Vacancy: Congressional Offices That Lose Members Still Function
What happens to a Congressional office without a Member?
Does it lock its doors and shutter its windows? Do the phones ring without reprieve while the constituent letters collect dust?
No, a Member-less office keeps running — just not the way it used to.
Congressional vacancies are not rare.
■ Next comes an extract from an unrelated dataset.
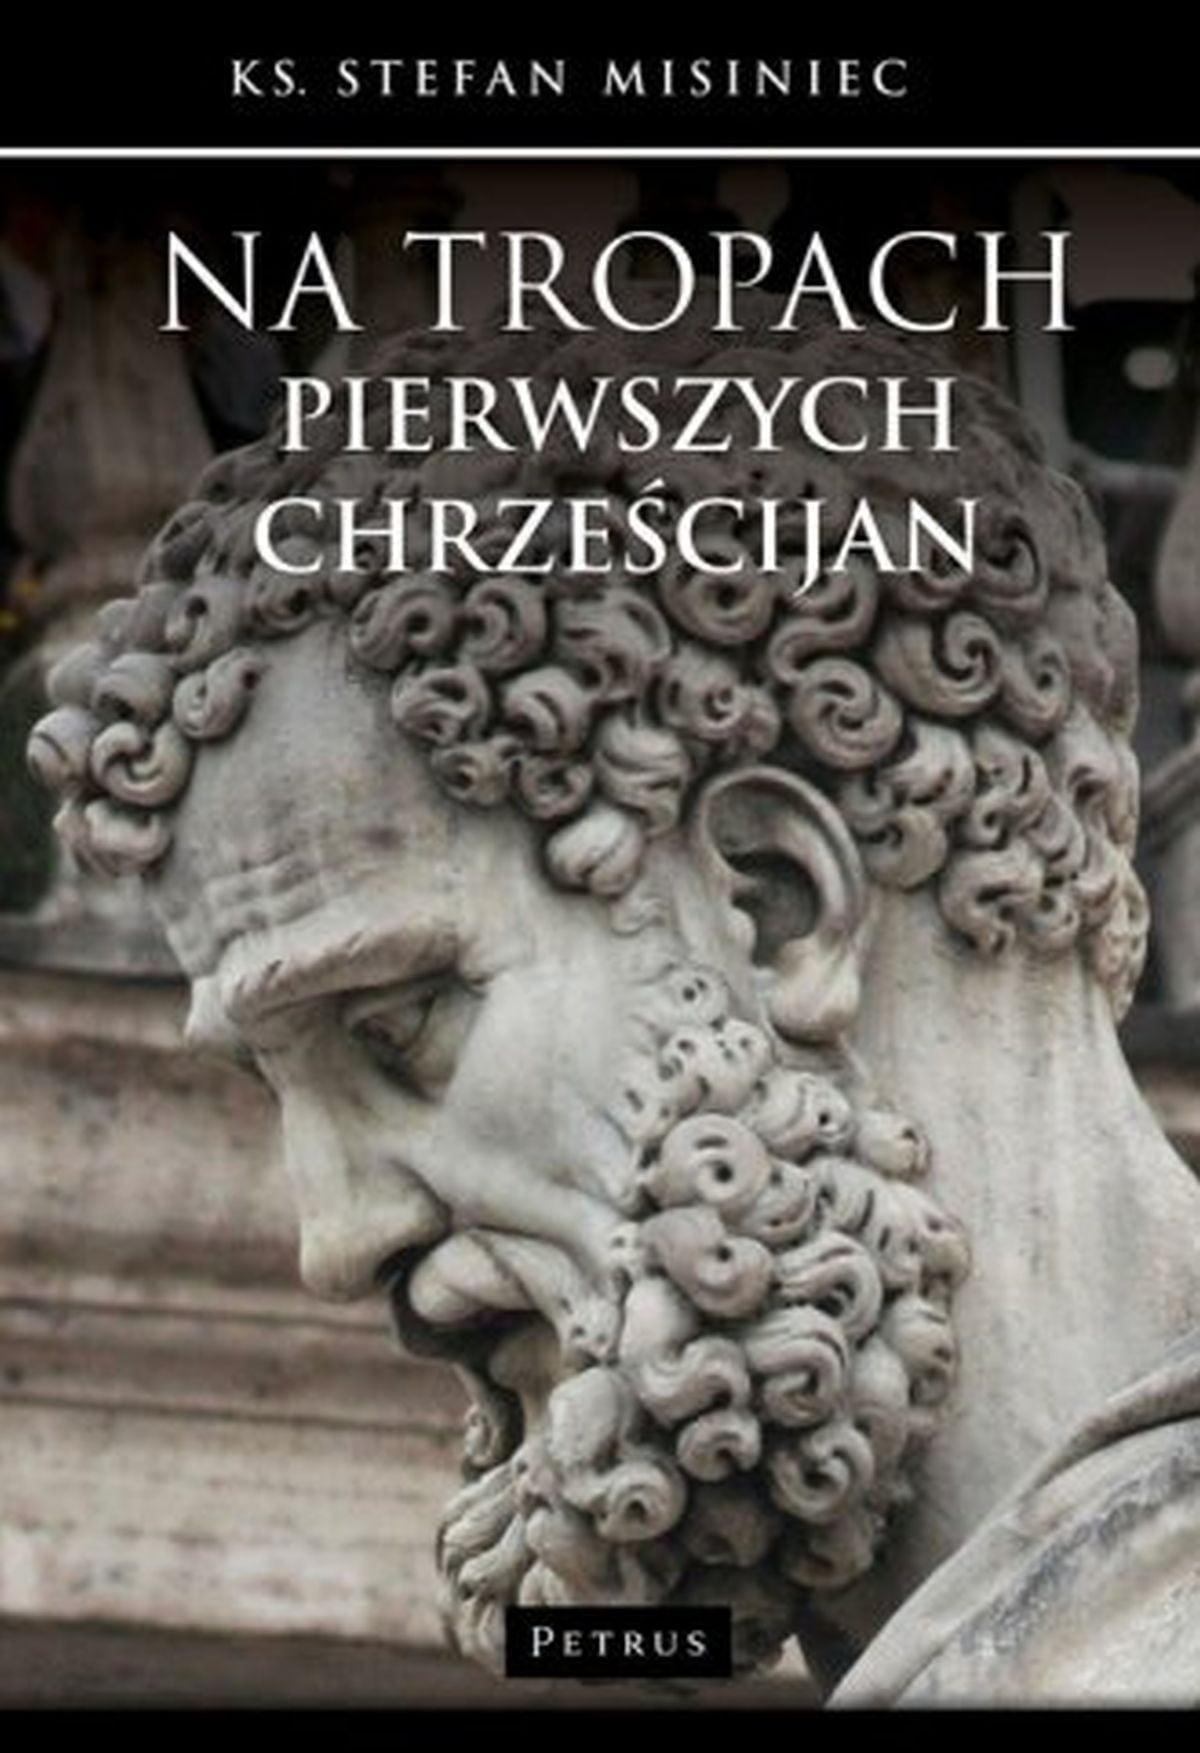 ks. Stefan Misiniec, Na tropach pierwszych chrześcijan

Lawmakers leave in pursuit of higher office, get a better gig elsewhere or decide to step down for health reasons or in the wake of a scandal.
And for some Congressional staffs, a boss’s exit from Capitol Hill is more painful: The Member has died.
But regardless of the “why” of a vacant office in the Rayburn, Longworth or Hart buildings, the “how” any office is run in a Member’s absence follows a similar path.
‘Ward of the Clerk’
When a Member resigns, his office becomes, in the words of one staffer whose boss resigned midway through the 112th Congress, “the ward of the Clerk.”
The Clerk of the House, indeed, almost immediately swoops in following a lawmaker’s resignation and replaces that Member’s website with a form letter explaining that the office will continue to serve its district’s needs under the Clerk’s supervision and in a limited capacity.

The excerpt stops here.